Elsenham house fire death was accidental, inquest told

PUBLISHED: 20:16 22 May 2012

The two-storey terraced house in Stansted Road, Elsenham, where 36-year-old Darren Hockley died in a fire

The two-storey terraced house in Stansted Road, Elsenham, where 36-year-old Darren Hockley died in a fire

Archant

A VERDICT of accidental death has been recorded by a coroner at the inquest of an Elsenham man who died when a fire broke out in his home.

Darren Hockley, 36, who lived with his father Gerald, 71, in Gilbey Cottages, Stansted Road, was overcome by fumes when the fire in the hearth at his home spread to a nearby woodpile.

Chelmsford Coroners Court was told he had 430mg of alcohol in his blood – over five times the drink drive limit – and that this would have affected his awareness.

Mr Hockley, described as an alcoholic, was found by firefighters in his bedroom when they were called to the fire at about 10pm on January 28.

His death was confirmed on arrival at Princess Alexandra Hospital in Harlow.

He died from inhalation of combustible fumes and acute alcohol toxicity.

The coroner was told his blood was 75 per cent saturated with carbon monoxide, which was a fatal level.

Coroner’s officer Paul Gamman said the forensic pathologist Dr Ben Swift had indicated that alcohol toxicity had contributed to his death.

Although the extremely high level was not potentially fatal to Mr Hockley because he was a heavy drinker, it would have affected his awareness and consciousness.

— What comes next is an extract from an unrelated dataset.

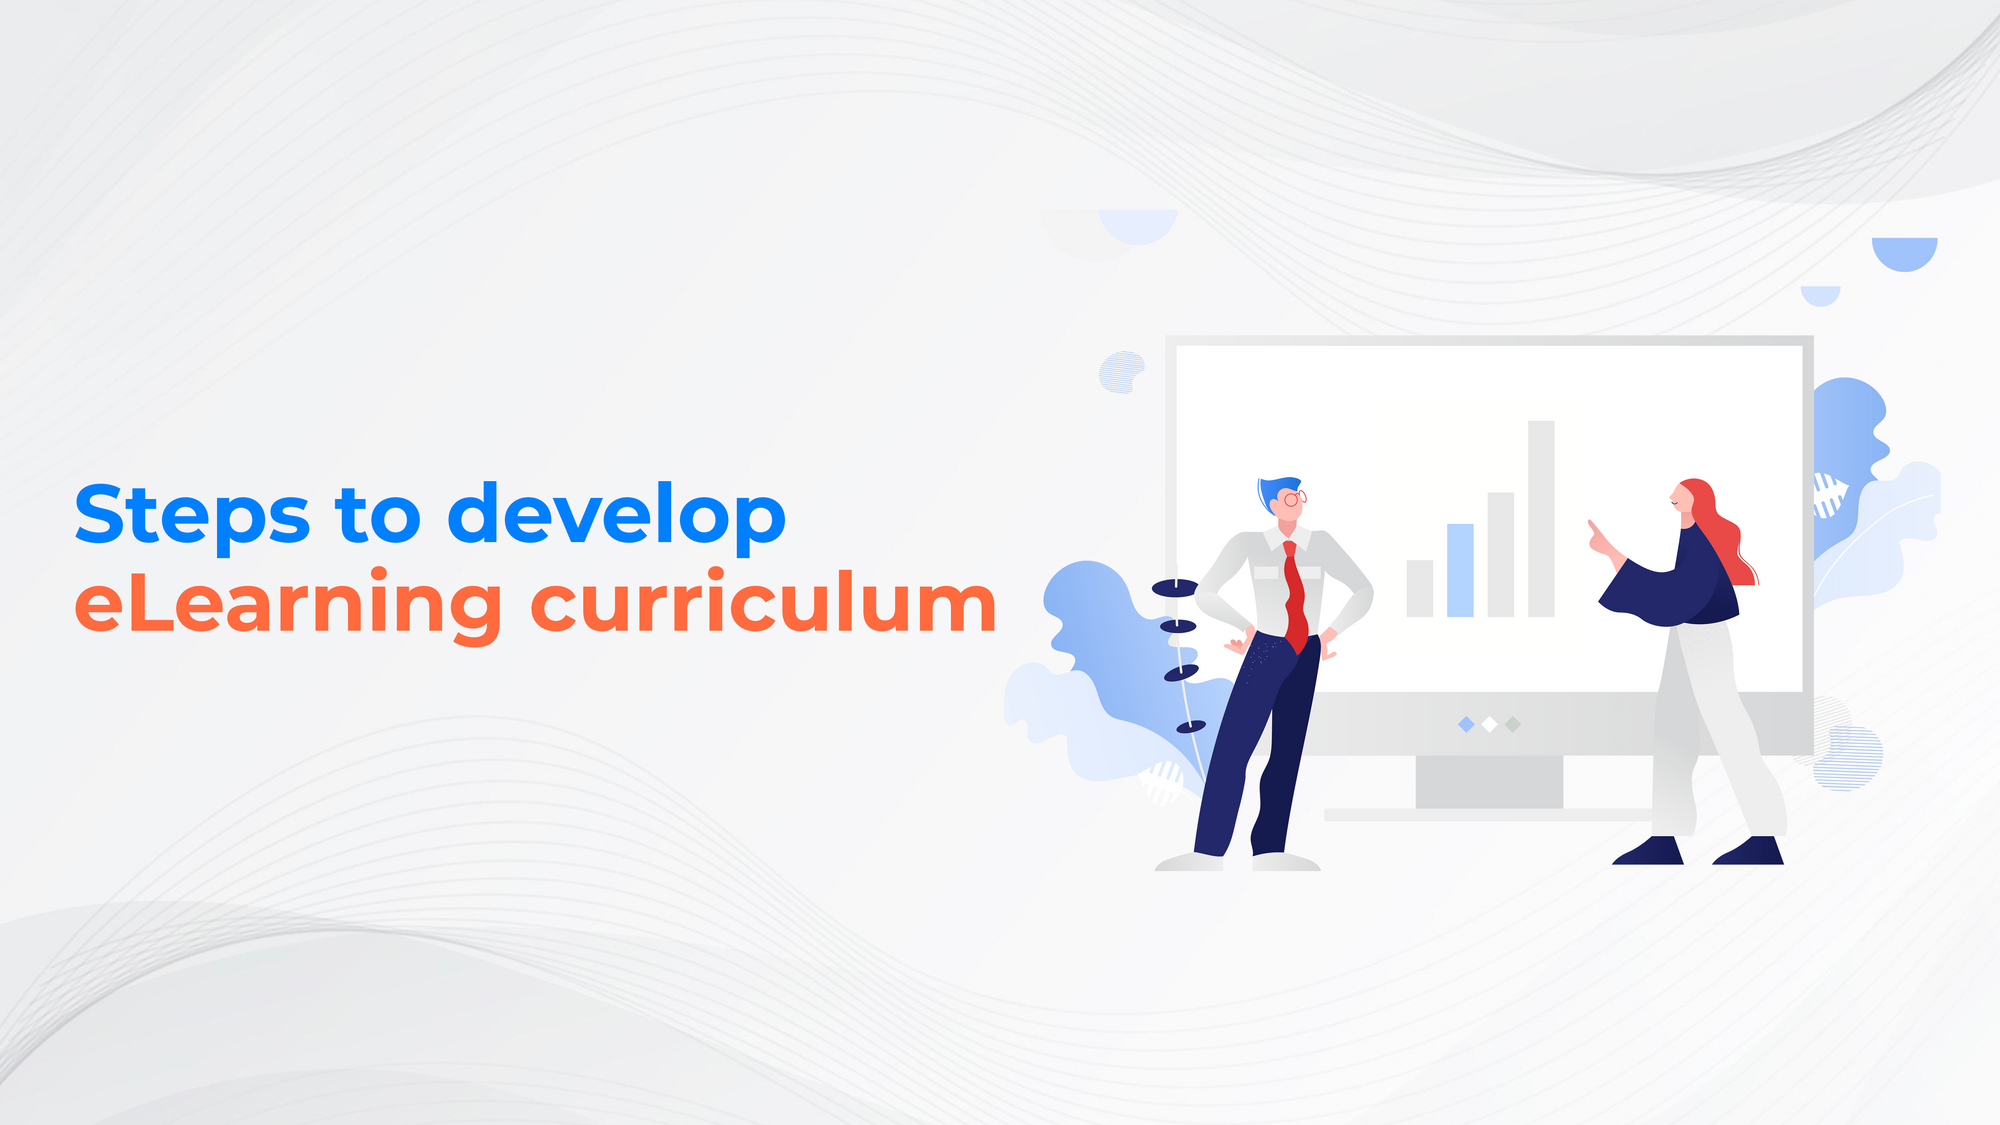 Steps to develop eLearning curriculum

The inquest heard that Mr Hockley and his father lived independently in the same house and that both were shift workers. Darren Hockley was off work on January 28.

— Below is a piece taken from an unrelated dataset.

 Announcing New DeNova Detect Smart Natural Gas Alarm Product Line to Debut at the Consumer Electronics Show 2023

A report by Essex Fire and Rescue Service said that the fire probably began by a stick from the open fire falling into the hearth and flames “tracking back” up the stick to a nearby woodpile. It was accidental.

Essex coroner Caroline Beasley-Murray recorded a verdict that Mr Hockley, who was born in Bishop’s Stortford, died as a result of an accident.

She said: “He must have been very much the worse for wear, under the influence of alcohol, even though it was not the main cause of death. He had a very high level of alcohol in his system.”

No family members were present at the inquest.